(Work required): Copy task, pictures excluded: set down exactly the lines from the one containing "EP5 HOPE ON THE STREET DOCUSERIES" to the end of the data below.

(Dataset section):
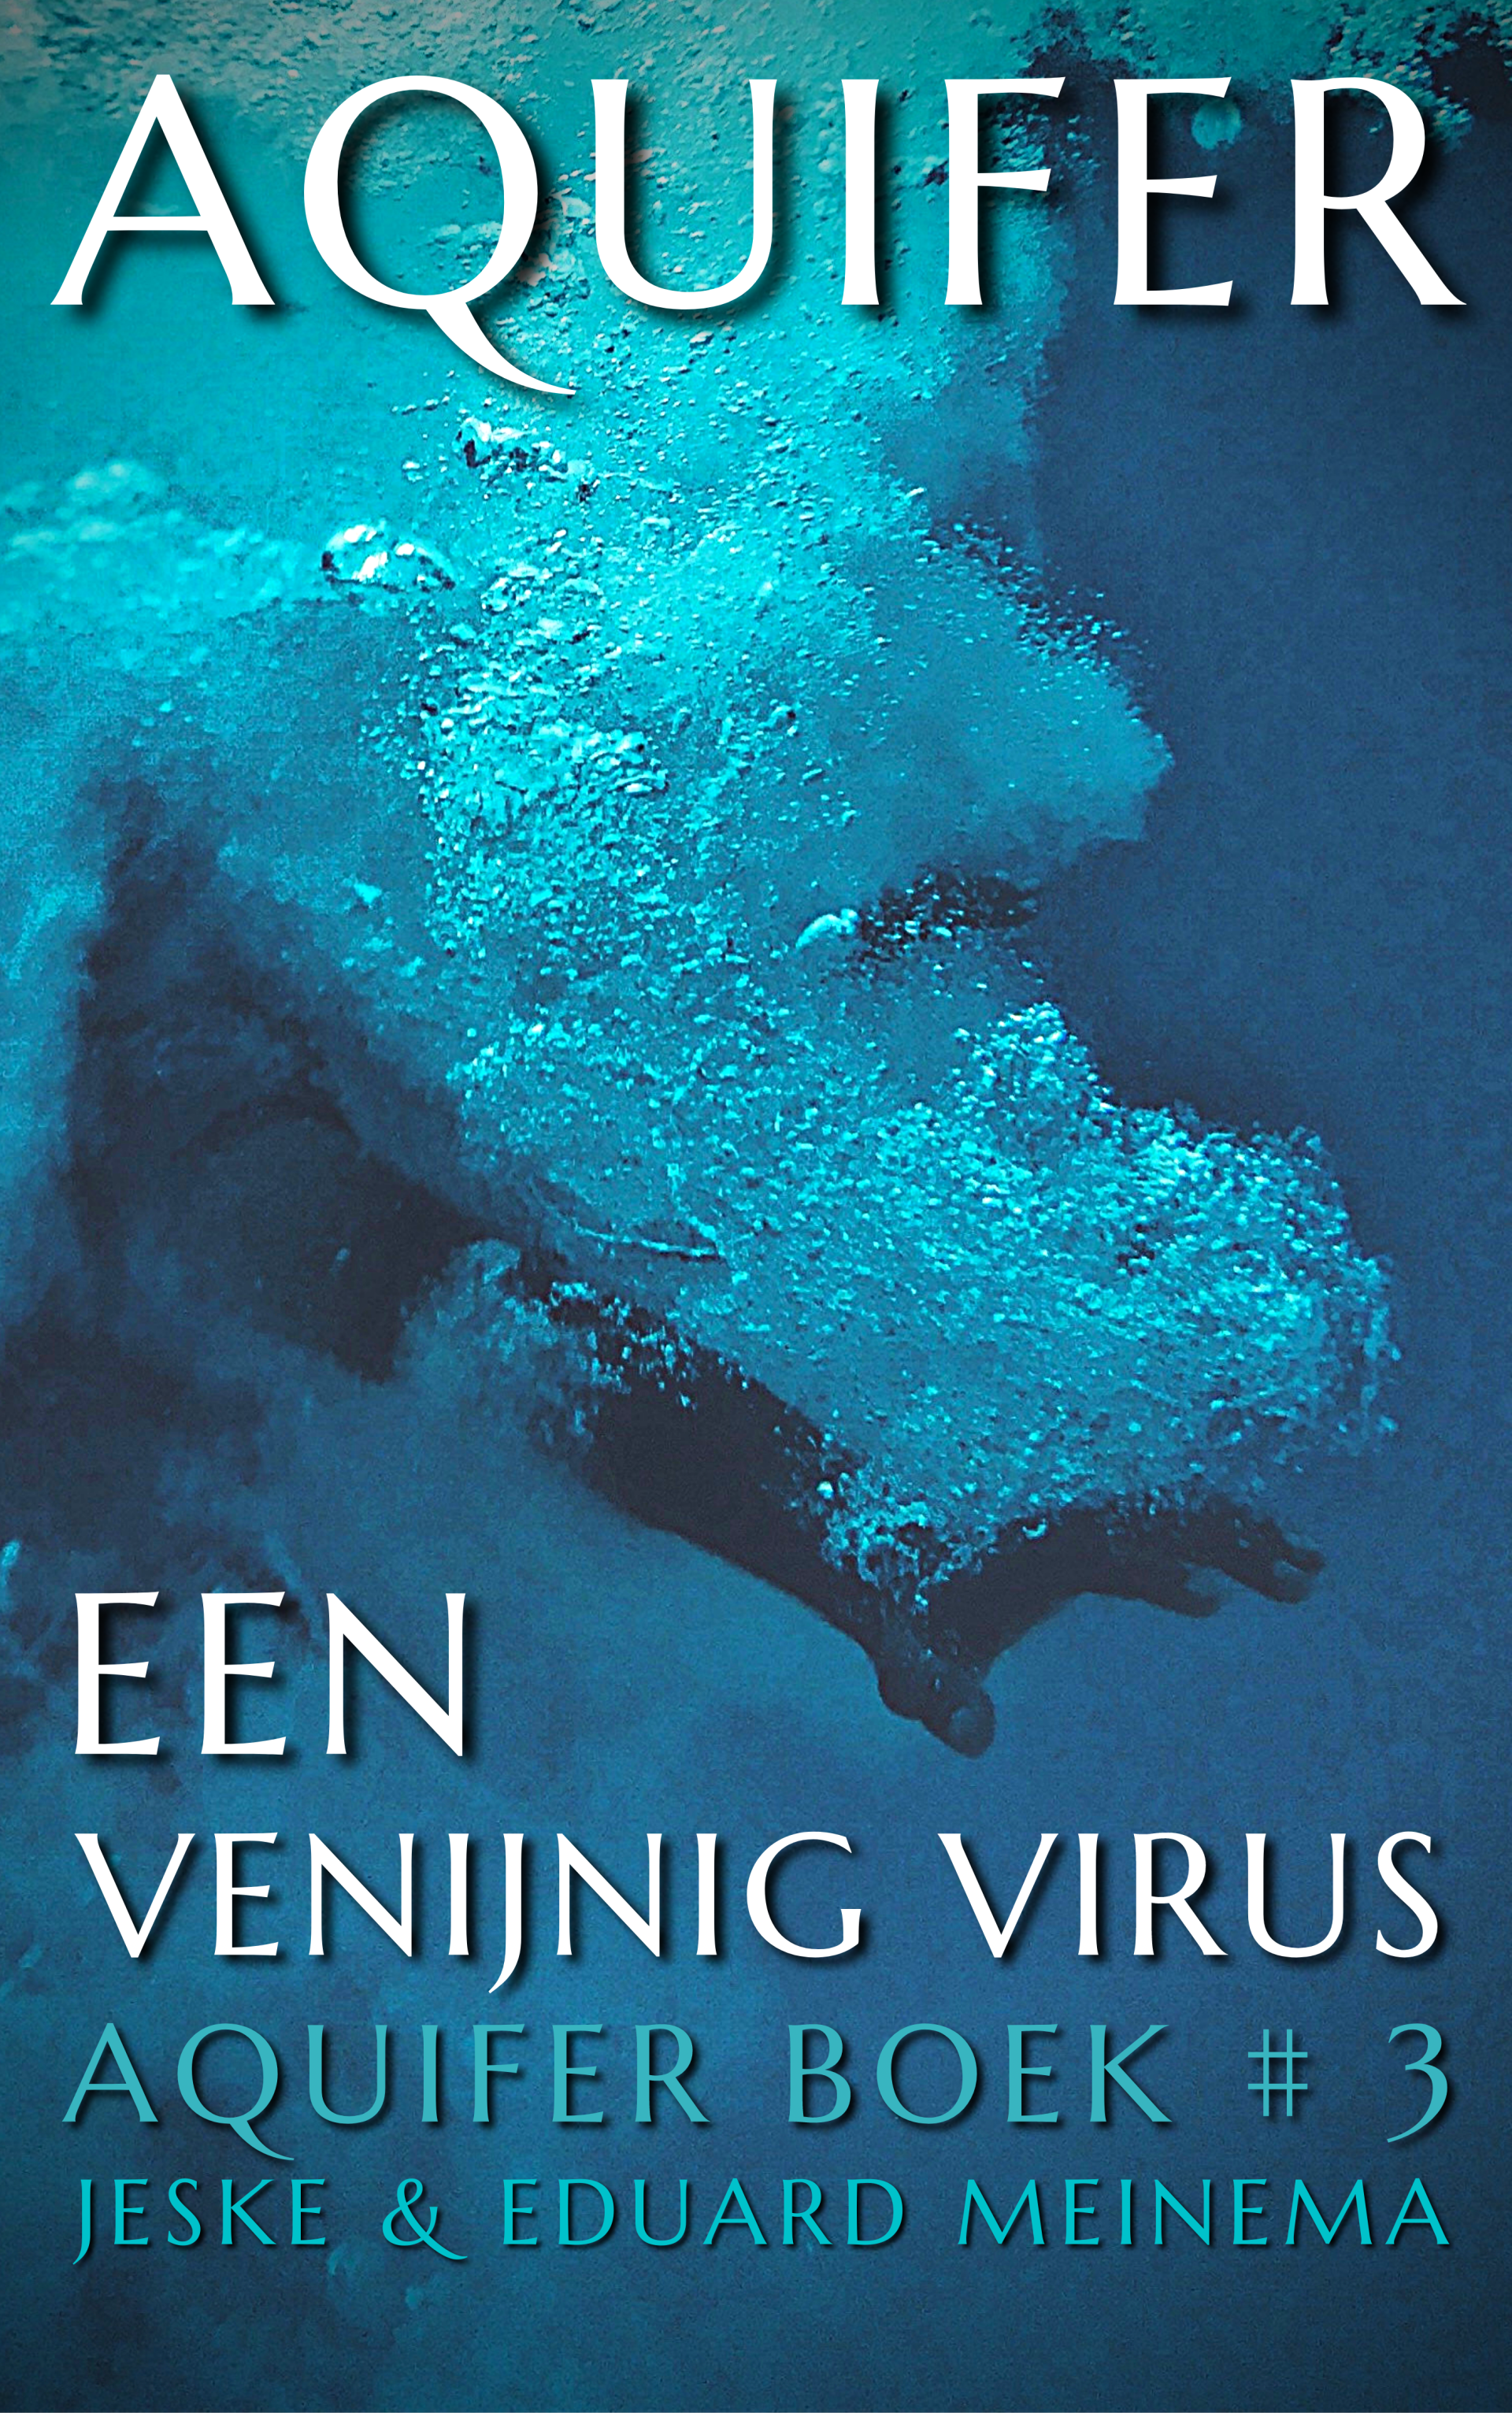 Aquifer, book # 3, Venomous Virus, Jeske & Eduard Meinema
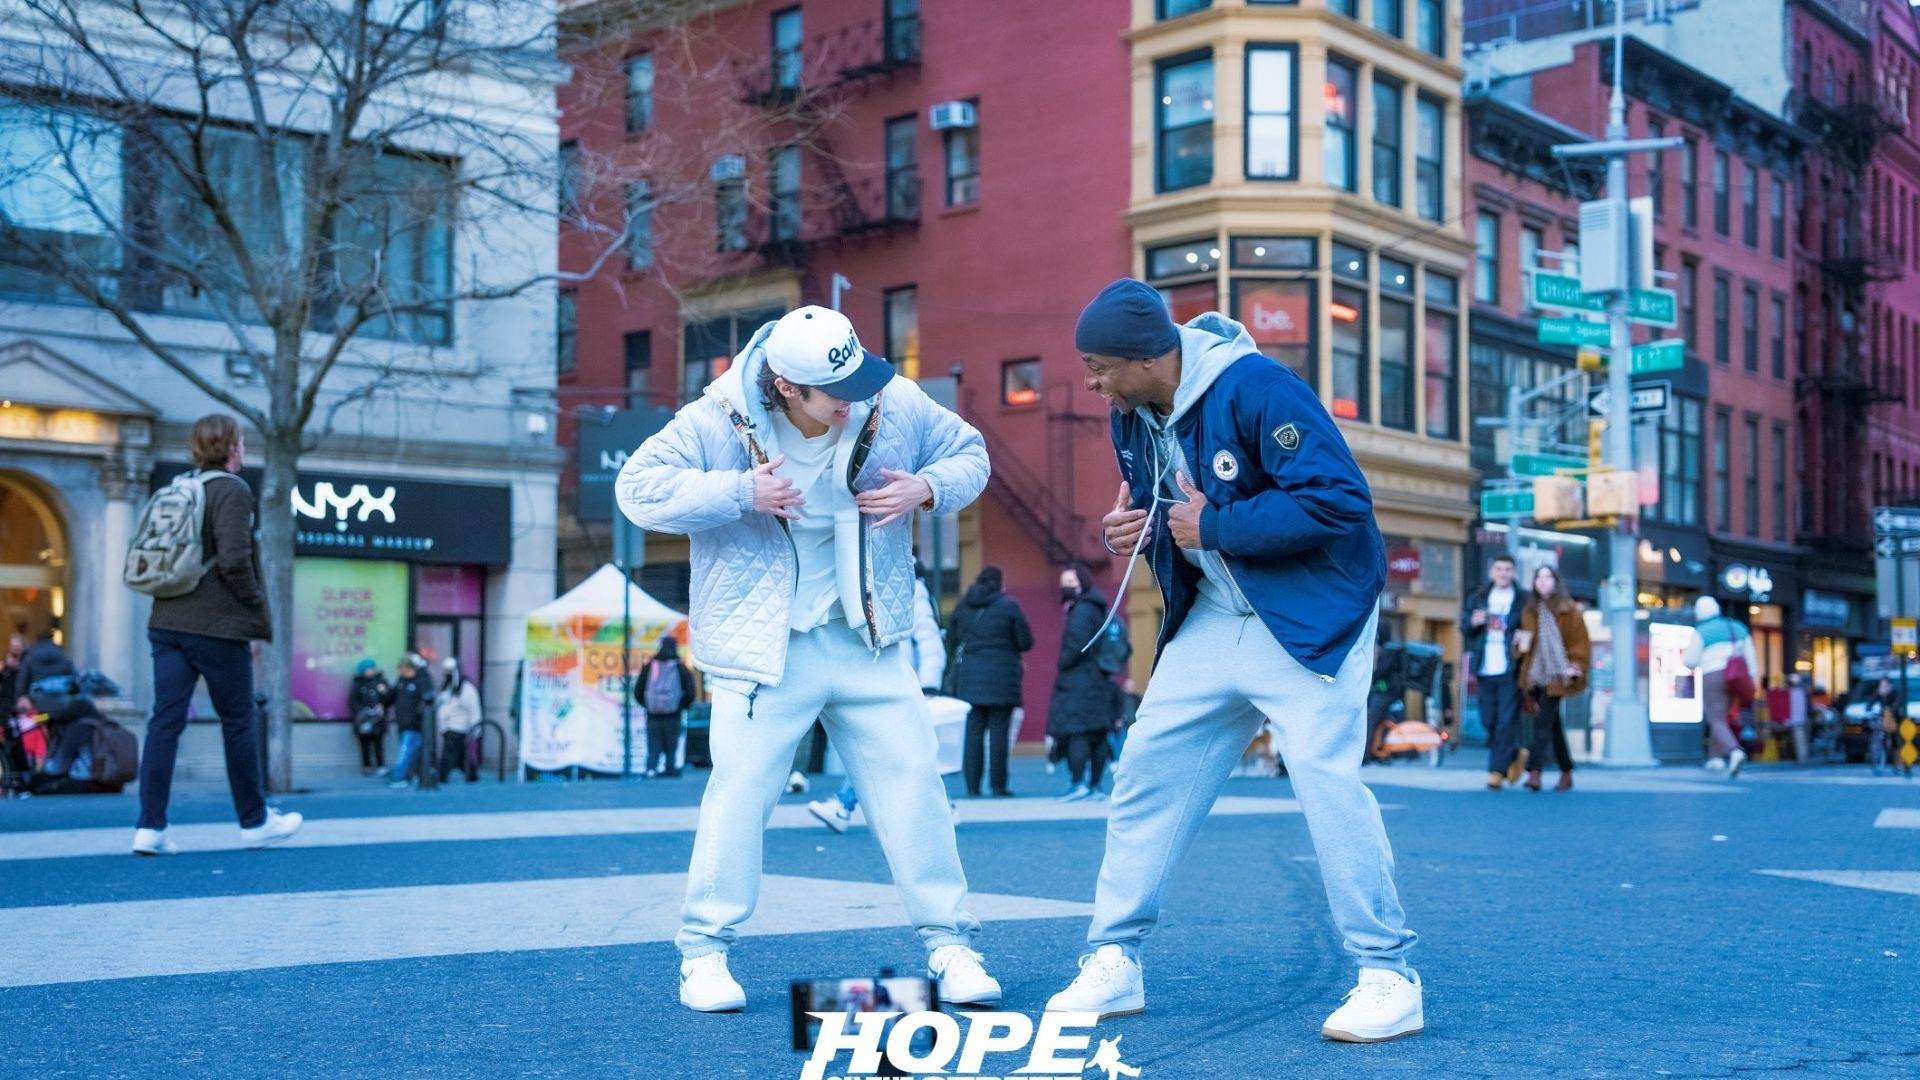 EP5 HOPE ON THE STREET DOCUSERIES
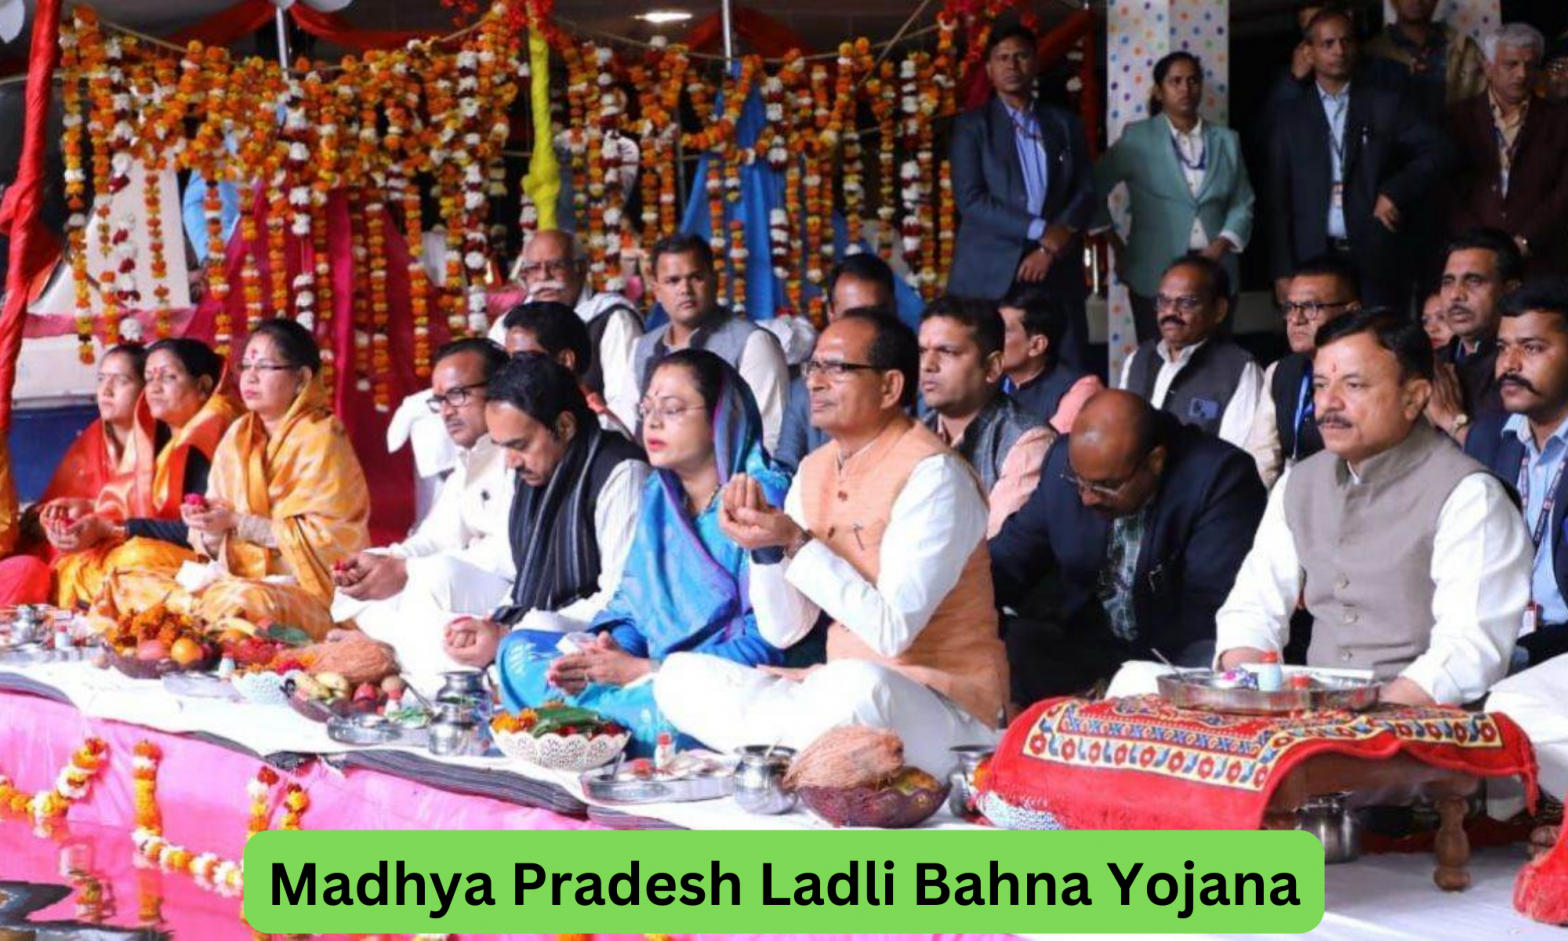 Ladli Bahna Yojana in Madhya Pradesh

(Written solution):
 EP5 HOPE ON THE STREET DOCUSERIES
 Ladli Bahna Yojana in Madhya Pradesh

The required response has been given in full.